Positive Bilanz: Kapitäne der Radfähre Ennsegg ermöglichten heuer 24.000 Passagieren die Querung der Donau
MAUTHAUSEN. Fast 24.000 Personen transportierten heuer die 15 Fährmänner auf der Donauradfähre „Ennsegg“ zwischen Mauthausen und Enns bzw. St. Pantaleon-Erla. Dafür gab es am Samstag bei der traditionellen Fährmänner-Weihnachtsfeier im Hotel „Zum goldenen Schiff“ in Enns Lob und Geschenke. Dieser Wert wurde nämlich bislang nur im Jahr 2011 um 1.064 Personen übertroffen.

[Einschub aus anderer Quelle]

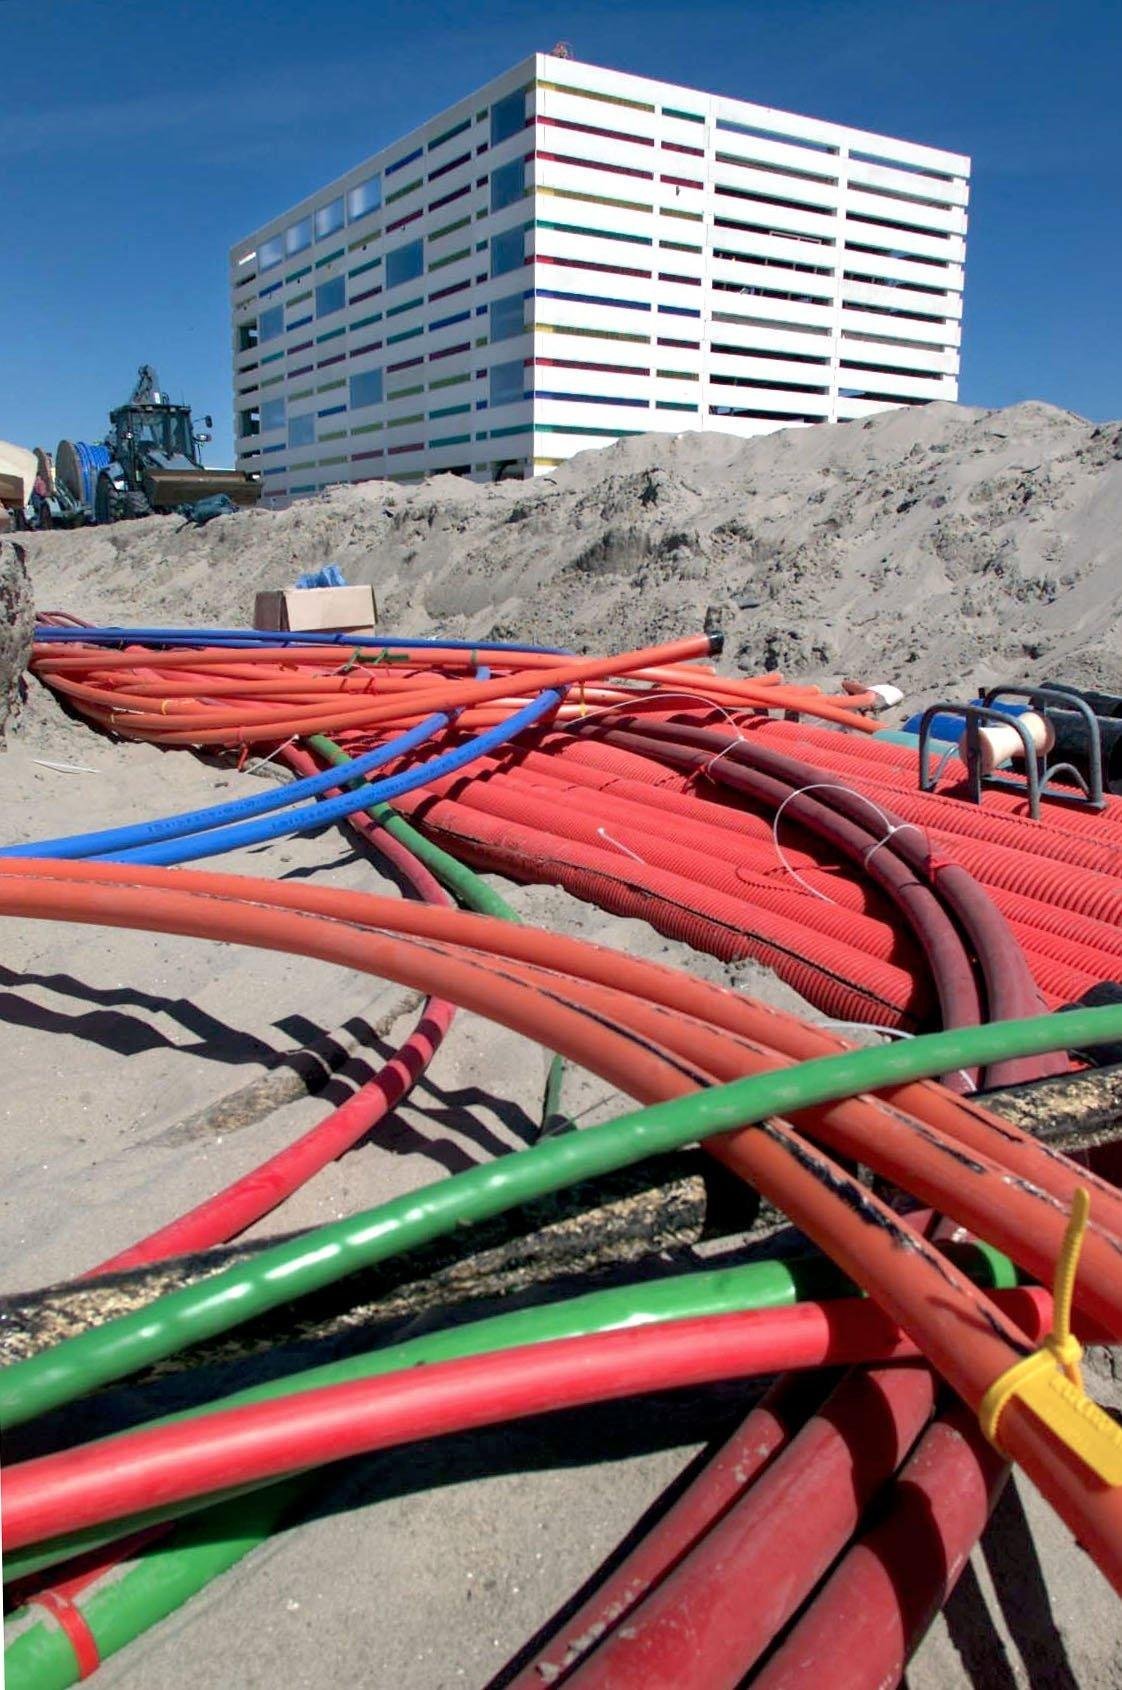 2001-05-23 08:28:20 NLD-200010523-AMSTERDAM: Glasvezel kabels voor de nieuwe KPN-telefooncentrale op het eiland IJburg. ANPFOTO -ROBIN UTRECHT

Seit mehr als 24 Jahren gibt es sie, die schwimmende Verbindung zwischen dem Donaumarkt Mauthausen und der ältesten Stadt Österreichs, Enns. Auf Initiative des Ennser Tourismusverbandes machen zwischen Mai und September fünfzehn Fährmänner täglich Dienst und befördern Personen mit oder ohne Fahrrad zwischen den beiden Ufern. „Ich bedanke mich jedes Jahr im Dezember mit einer Weihnachtsfeier, bei der es nicht nur Essen und Trinken, sondern auch kleine Geschenke für die Fährmänner gibt“, erklärt der Ennser-Tourismusvorsitzende Wolfgang Brunner.
Guglhupf für die meisten Kilometer
Und da gibt es auch noch die „Guglhupfwette“ - wer die meisten Kilometer absolviert hat, erhält von Brunner einen Guglhupf. Heuer waren das gleich zwei, nämlich Robert Fellinger aus Mauthausen und Norbert Kneifel aus Enns. Neben dem verantwortungsvollen Job an Bord der Fähre steht zu Saisonbeginn bzw. -ende auch noch das Aus- bzw. Einwintern auf dem Arbeitsprogramm. Hier gilt es genauestens zu untersuchen, ob das schwimmende Gefährt noch absolut den geltenden Sicherheitsbestimmungen entspricht.
Mauthausener Touristiker leisten finanziellen Beitrag
„Wir beteiligen uns jährlich an den Kosten des Betriebes der Fähre und laden die Fährmänner auch zu den Mauthausener-Stammtischen ein“, so die beiden Mauthausener Tourismuschefs Gottfried Kraft und Anita Peterseil.